I am a young man like you and have had romantic experiences that have gone bad fast due to overall immaturity and lack of value similarities. The best advice I can give you is to run as fast as you can at the first sign that you see something you do not like. Ideally, you'll be with someone that is malleable in the sense that they will respond well to positive criticism. Every human being is continually growing, and it seems like the more trust that is invoked in that relationship in regards to response to positive criticism, the longer it will last. Very few people are well versed in Objectivism, and even fewer people are versed in Objectivism and secure in themselves and a potentially great fit for you. Ideally this person's sense of life will be similar to yours. If you enjoy taking care of your body, you probably will not do well with someone who chooses not to.

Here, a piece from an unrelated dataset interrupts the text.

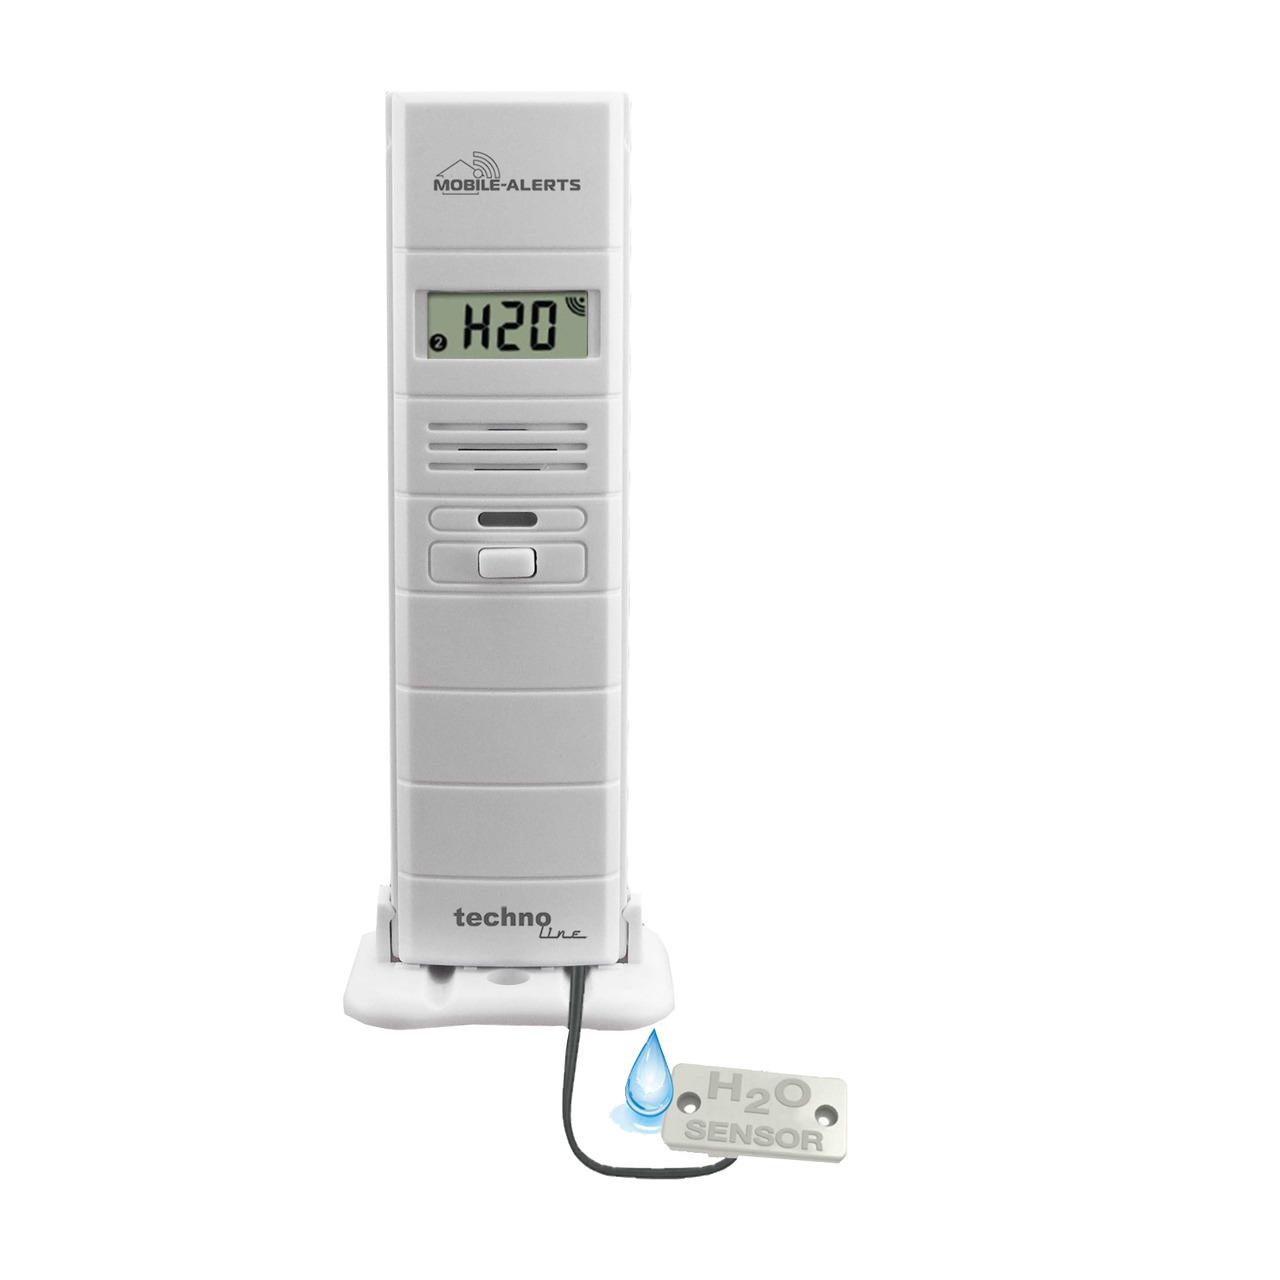 ELV Mobile Alerts Temperatur-Luftfeuchtigkeitssensor MA10350

No one said that companionship like this is necessary. I am not at all pressured to get involved with anyone right now. The best relationships are the ones that require the least work. I would probably say that Donald Trump is in the ideal relationship, where one person does not directly interfere with the other and cause unnecessary conflicts. I'm not Donald Trump, but that is the kind of relationship you want. Make sure your to be girlfriend responds positively under conflict/pressure. You will thank me forever for testing that last bit of advice early in whatever relationship you get into. If there is one quality you want in a girlfriend, it is that. If this is not the case, you will be expending more energy than the relationship is worth. It is never idea to invest yourself completely in someone who has the power to play with your emotions though. All said, you are the only person to do the benefit/risk analysis at this point in your life given its context including your own wants. I can't convince you that coca cola is better than pepsi and probably no one can.